るうふ.incにおいて“比較を超える”っていうのをテーマとして掲げていますが①時間 ②場所 ③他人の3つの軸で比較を超える仕掛けを広めたい。

最初の「時間」は、過去の自分との比較、次に、海外 ⇄ 日本、都市⇄地方という場所での比較、そして自分以外の他人との比較。 「比較をする」ということは、「不幸」を生み出すけど、「幸福」は生み出しません。それらの3つの比較を超えることで、自分らしく生きる豊かな人を増やしたい。そんな思いでビジネスと経営をしていくということです。

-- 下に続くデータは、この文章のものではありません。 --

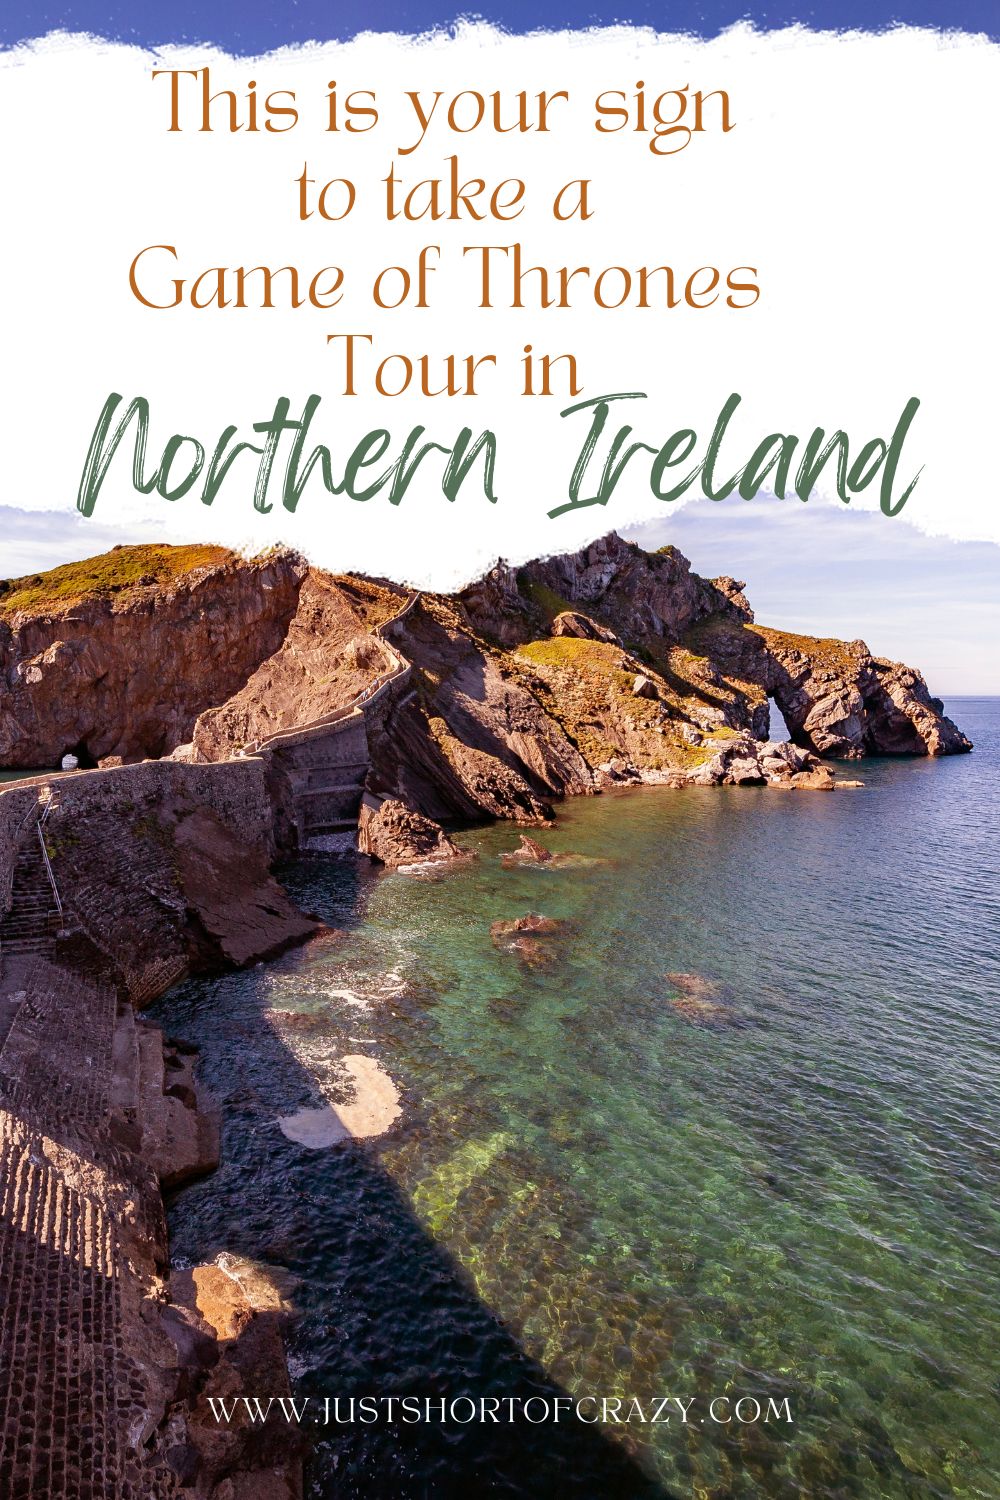 This is your sign to take a Game of Thrones Tour in Northern Ireland

さらに言えば、キャリア形成できなかったり給与が低い人たちが垣根を超えて、好きなことを楽しみながら、月給で50万円以上もらえるようなビジネスモデルをつくること。それが“ソーシャルのれん分けモデル”なんです。児童養護施設の出身者や障がい者の人たちを例に挙げるとめちゃくちゃ給与水準が低いんですね。だからこそそういった人たちに向けて、LOOFで提案するビジネスモデルを届けたいっていう思いがあります。

それらを実現していくのに重要なのは、地域で活躍できるチャレンジャーを育成することです。地方の可能性として、売り上げは小さくても利益率の高いビジネスを展開することができます。LOOFが作ろうとしている仕組みはそれなんです。家賃や固定費が都市ほどにかからないから、回転率を上げる必要がなく丁寧なサービスを提供でき、顧客の満足度も高くなる。生活文化財を救済し、再生していくことも重要なミッションです。古民家もあと10年放置してしまったら、取り壊されてしまう物件がめちゃくちゃあります。それをクリエイターの力でリブランディングをし、提供していきます。古民家だけでなく、古材を利用した商品開発も行っていく予定です。宿に付随した飲食事業も展開していきたいです。


仕組みとやりたいことを両立させるモデルをいっぱい作っていきたいと思っています。具体的には古民家再生を3年で50棟作るのを目標に、それをのれん分けして宿だけでなくいろんな企業や職種とタイアップして、10年で10業種100人独立させたいと思っています。